Caixin
Mar 23, 2021 08:38 PM
BUSINESS & TECH

Like Its Business, Baidu Ends Flat in Hong Kong Debut

Baidu founder Robin Li speaks Tuesday, the day the Chinese internet giant returned to Hong Kong for a secondary listing. Photo: Baidu
Baidu founder Robin Li speaks Tuesday, the day the Chinese internet giant returned to Hong Kong for a secondary listing. Photo: Baidu

Dominant search engine Baidu Inc. underwhelmed investors when trading began for its newly listed Hong Kong shares, as it becomes the latest U.S.-listed Chinese tech firm to seek a new trading foothold closer to home in the face of tightened scrutiny on Wall Street.

Baidu’s shares opened at HK$254 ($32.71) when Hong Kong trading began on Tuesday, up 0.8% from its offering price of HK$252. They climbed as high as HK$256.60 through the day before giving back all the gains and settling unchanged at market close.

Such debuts often mirror what has happened in earlier trading to the company’s U.S.-listed American depositary shares, since the two are closely tied. Eight of Baidu’s ordinary shares listed in Hong Kong equal one American depositary share (ADS) traded in New York.

The uninspired debut came after the internet giant raised HK$24 billion ($3.09 billion) by selling 95 million ordinary shares. The fundraising could rise to as much as HK$27.5 billion if the underwriters exercise their over-allotment option, according to the prospectus.

“This secondary listing in Hong Kong marks a new starting point for Baidu,” founder Robin Li said at the debut ceremony.

At its latest valuation of about HK$700 billion, Baidu is significantly smaller than other Hong Kong-traded China internet majors. Tencent Holdings Ltd. is the largest with a market value of HK$6 trillion, followed by Alibaba Group Holding Ltd at HK$5 trillion and Meituan HK$1.79 trillion.

The listing makes Baidu the latest among a growing cohort of New York-listed Chinese companies seeking a foothold closer to home.
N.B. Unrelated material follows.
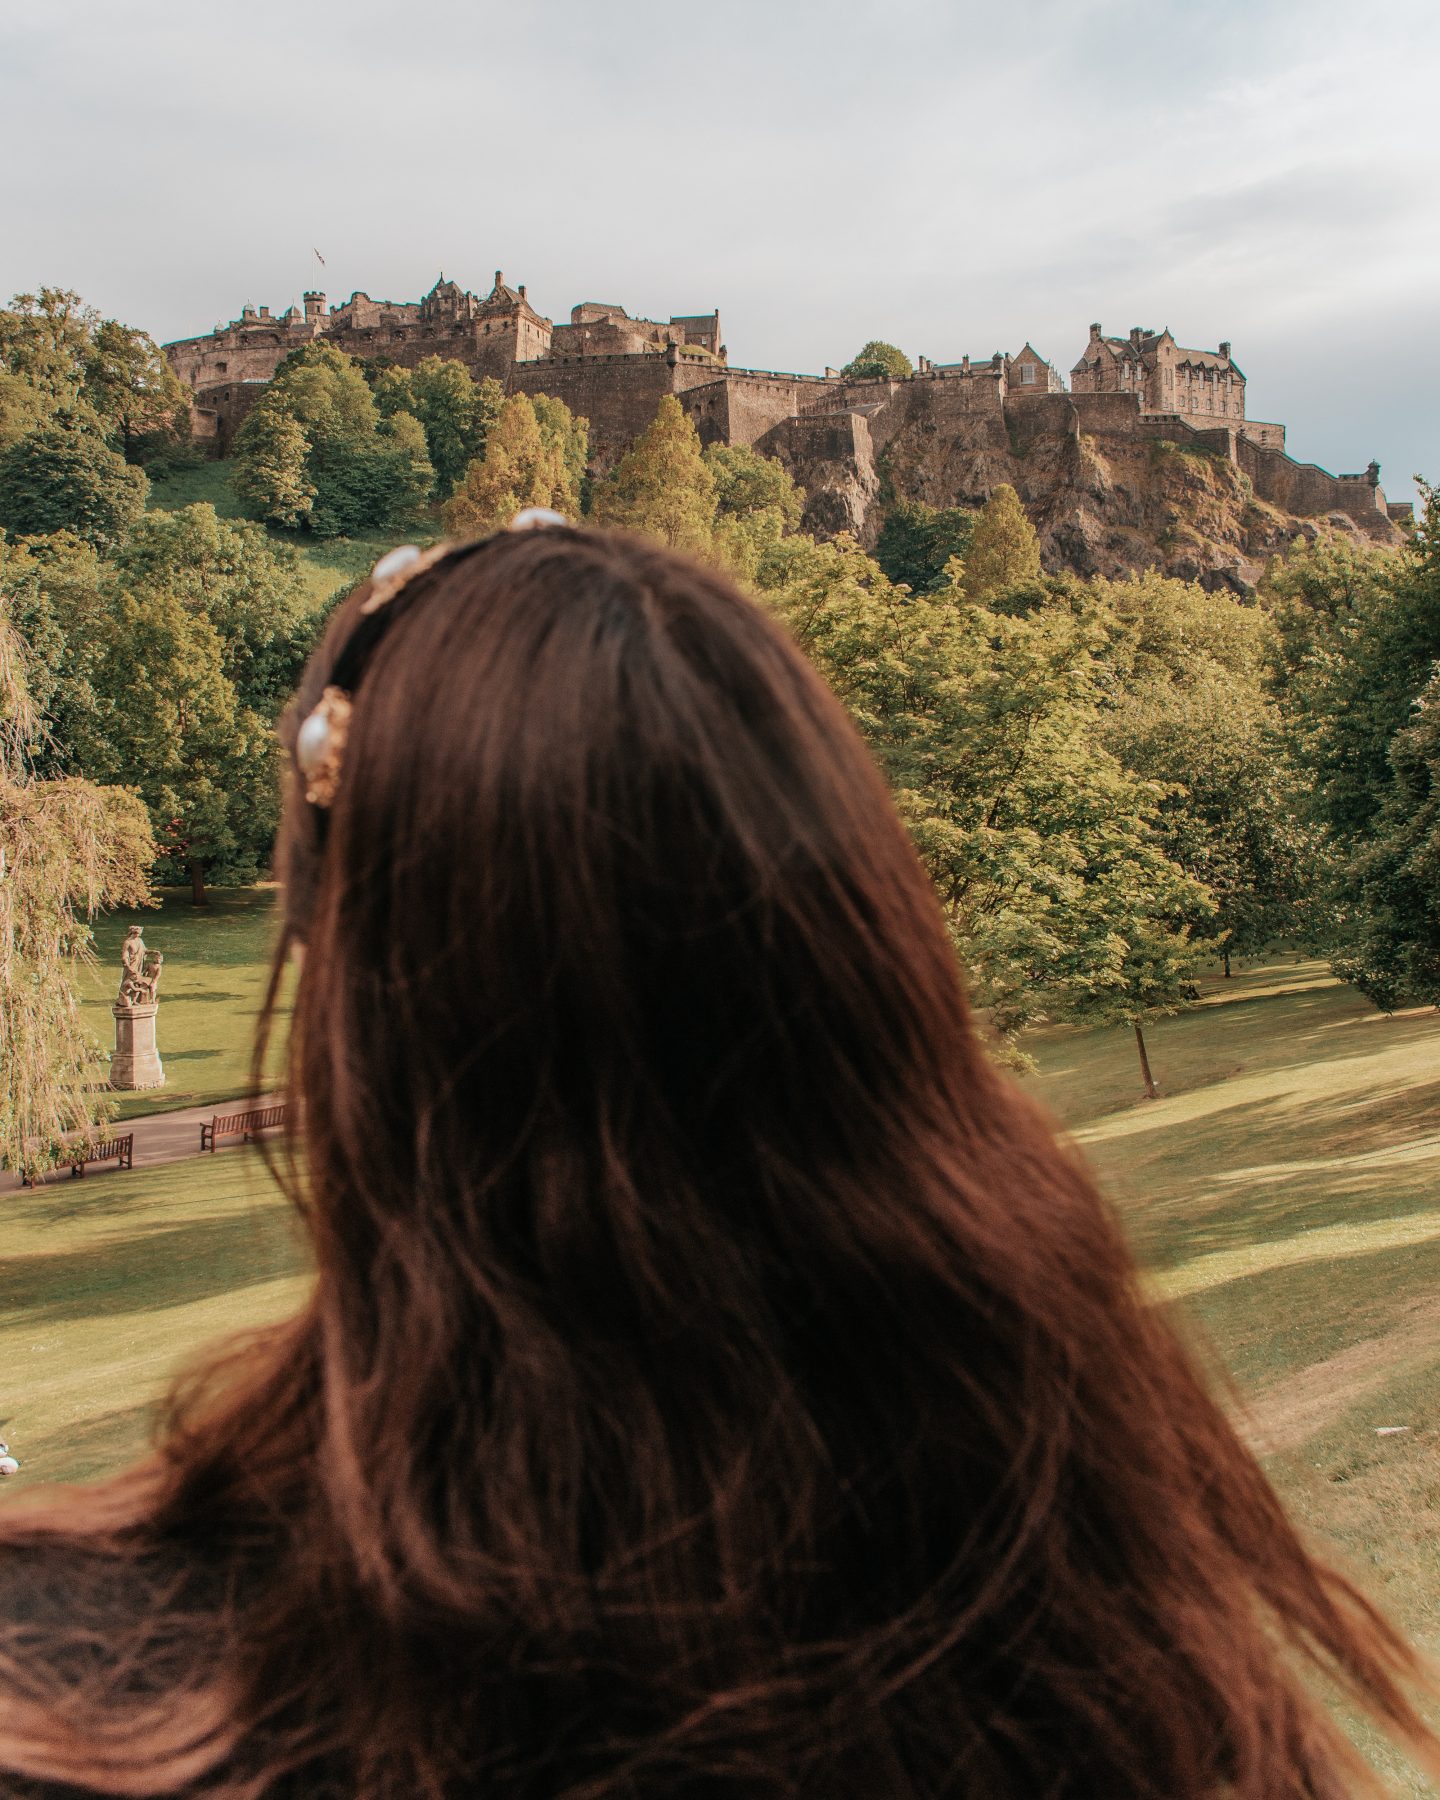 Back of girl's head in front of castle on a hill - Edinburgh Castle from Princes Street Gardens

The drive is being fueled by several factors, including deteriorating relations between Beijing and Washington that have led to tightened scrutiny of Chinese firms on Wall Street.

The Chinese companies also want to make their shares more accessible to investors from their home market, and like the nearly 24-hour trading in their stocks that such dual listings allow.
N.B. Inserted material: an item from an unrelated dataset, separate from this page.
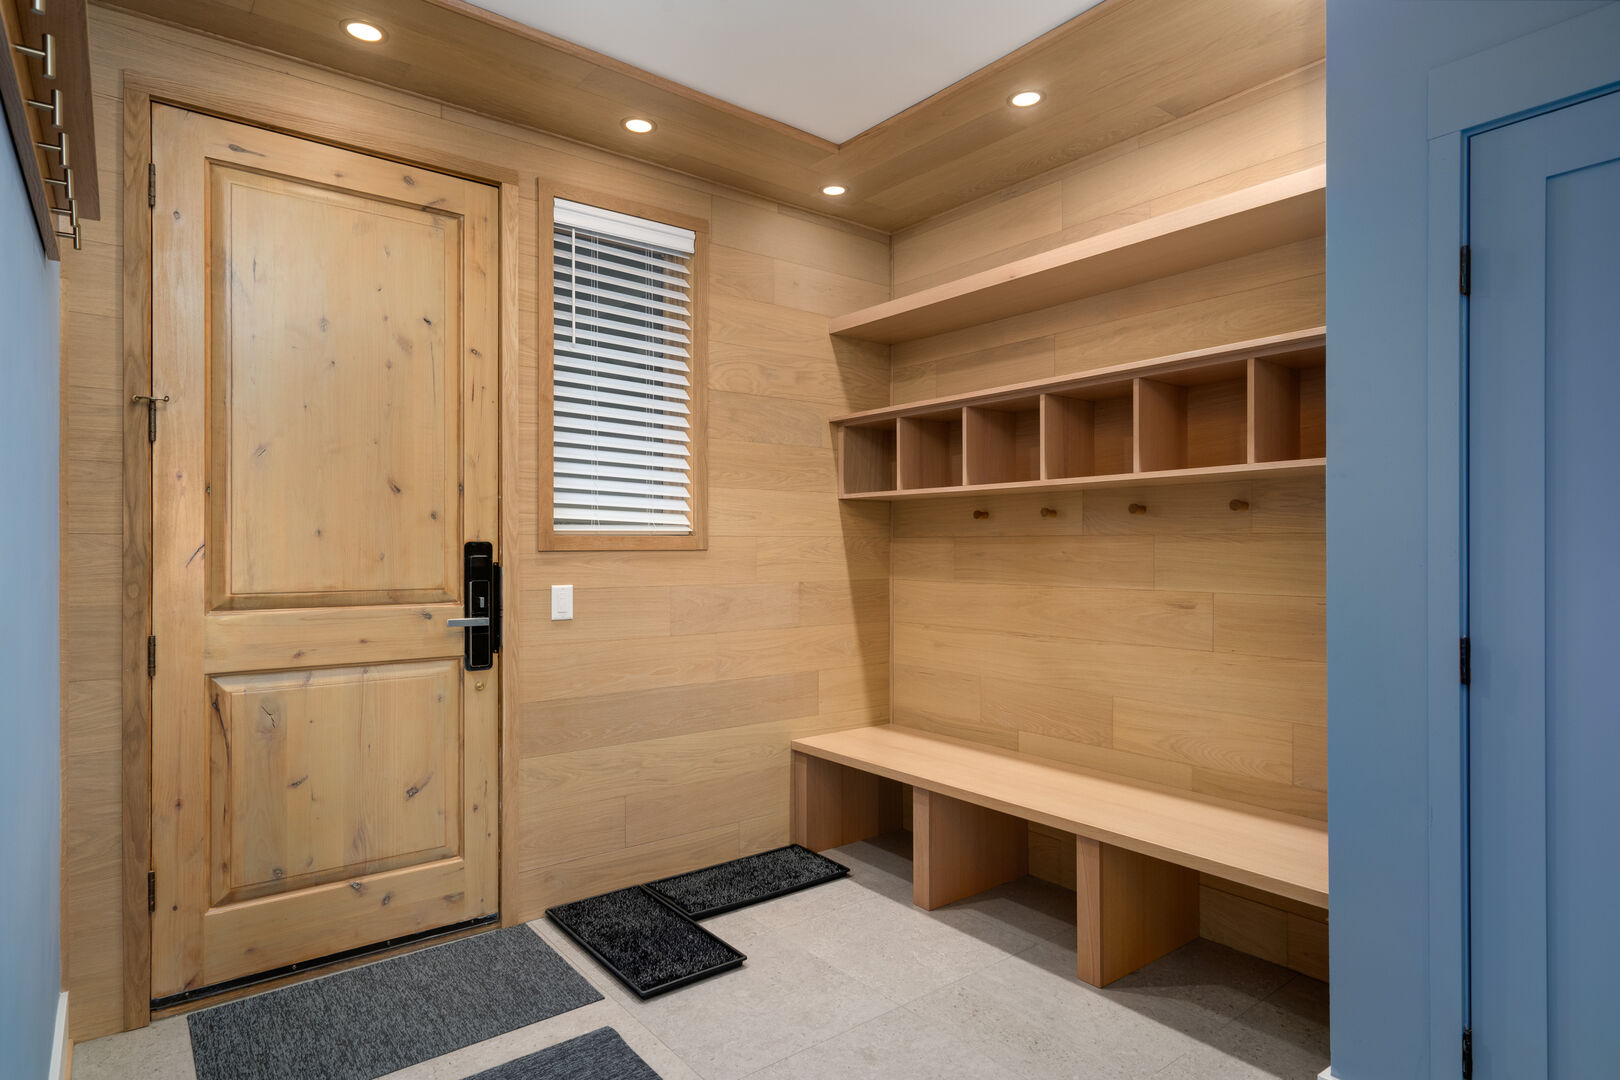 The entry mudroom, cubbies, coat racks and closet have more than enough storage.

Baidu’s Hong Kong-listed shares were overbooked 113 times by retail investors and by a more modest 11 times by institutional investors. By comparison, short-video platform Kuaishou Technology saw its shares 1,204 times overbooked by retail investors prior to its Hong Kong IPO last month, though the company is only listed in Hong Kong.
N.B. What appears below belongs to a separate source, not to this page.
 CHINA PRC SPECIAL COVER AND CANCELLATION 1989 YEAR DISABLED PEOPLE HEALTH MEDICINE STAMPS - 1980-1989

Baidu’s listing is the biggest homecoming of a U.S.-traded Chinese company in Hong Kong since game operator NetEase Inc.’s offering in June 2020, which raised HK$24.3 billion.

Baidu said it will pump half of the IPO proceeds into technologies surrounding its artificial intelligence (AI) initiatives, including smart driving. Another 40% will go to developing new features for its premium content and services, such as the Wikipedia-like Baidu Wiki and Baidu Knows.

 Read more  
In Depth: Searched-Out Baidu Bets on Cloud, Autonomous Driving

Baidu has suffered from slowing revenue growth in recent years as it fails to find major new businesses to offset its maturing search business that derives money mostly from advertising. Its revenue in 2020 slipped slightly to 107.1 billion yuan, from 107.4 billion yuan in 2019, after it posted 5% revenue growth from 2018 to 2019.

Once one of China’s tech leaders, Baidu is now playing catch-up as the country’s internet users increasingly shift from desktop to mobile applications. In recent years the company has spent billions of dollars in areas such as language learning and autonomous driving, betting on smart devices and vehicles of the future.

Bank of America Corp., CLSA Ltd. and Goldman Sachs Group Inc. jointly sponsored the offering, while China International Capital Corp., UBS Group AG and CCB International Holdings Ltd. were joint global coordinators.